10.9 EXCLUSIVITY. Until this Agreement is terminated by its terms,
-----------
neither the Company, any of its Subsidiaries nor the Sellers (and neither the
Company nor the Sellers shall cause or permit any Insider or agent or any other
Person acting on behalf of any Seller, the Company, or its Affiliates to), (a)
solicit, initiate or encourage the submission of any proposal or offer from any
Person (including any of them) relating to any (i) liquidation, dissolution or
recapitalization of, (ii) merger or consolidation with or into, (iii)

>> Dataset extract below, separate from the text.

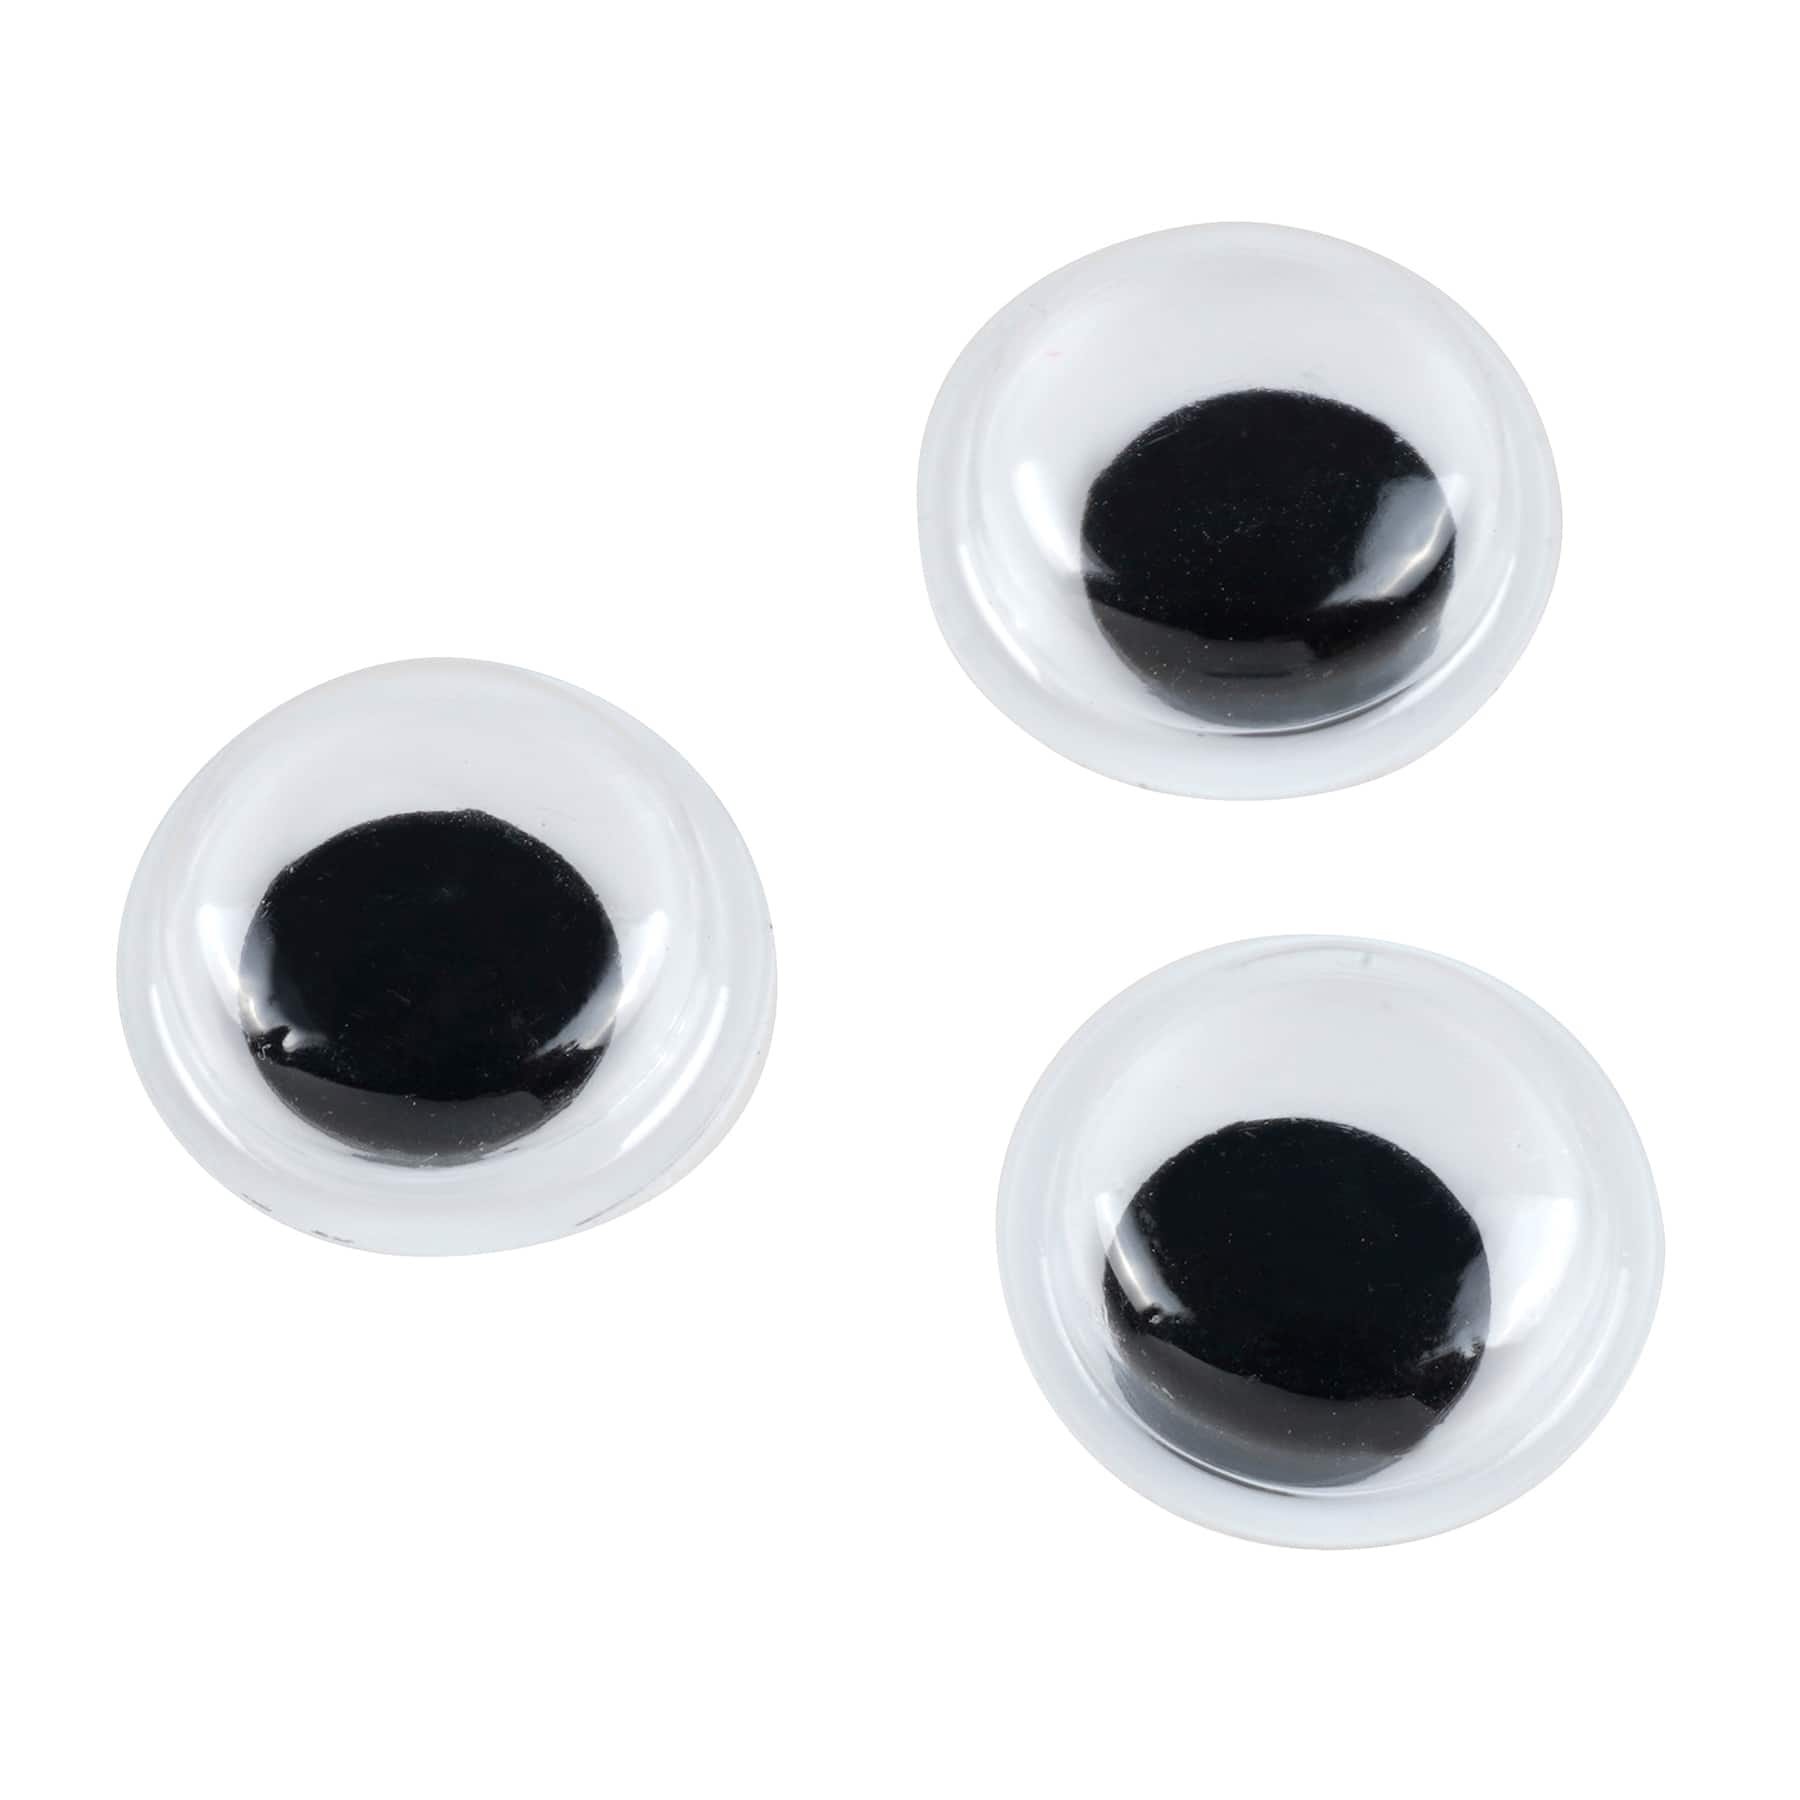 12 Packs: 118 ct. (1,416 total) 12mm Adhesive Wiggle Eyes by Creatology&#x2122;

acquisition or purchase of assets of or any equity interest in or (iv) similar
transaction or business combination involving the Company or (b) participate in
any discussions or negotiations regarding, furnish any information with respect
to, assist or participate in, or facilitate in any other manner any effort or
attempt by any other Person to do or seek any of the foregoing. The Company and
each Seller agrees that it will discontinue immediately (and will cause any
Insider or agent or any other Person acting on behalf of any Seller, the
Company, or its Affiliates to discontinue immediately) any negotiations or
discussion with respect to any of the foregoing. Until this Agreement is
terminated by its terms, the Sellers and the Company shall notify the Purchaser
immediately if any Person makes any proposal, offer, inquiry or contact with
respect to any of the foregoing.
10.10 BOOKS AND RECORDS. Unless otherwise consented to in writing by
-----------------
the Representative and the Purchaser, the Purchaser and the Sellers will not,
for a period of seven years following the date hereof, destroy, alter or
otherwise dispose of any of the books and records of the Company acquired by the
Purchaser hereunder or retained by any Seller without first offering to
surrender to the other Party such books and records or any portion thereof of
which the Sellers or the Purchaser may intend to destroy, alter or dispose. The
Purchaser and the Sellers will allow the other party's representatives,
attorneys and accountants access to such books and records, upon reasonable
request during such party's normal business hours, for the purpose of examining
and copying the same in connection with any matter whether or not related to or
arising out of this Agreement or the transactions contemplated hereby.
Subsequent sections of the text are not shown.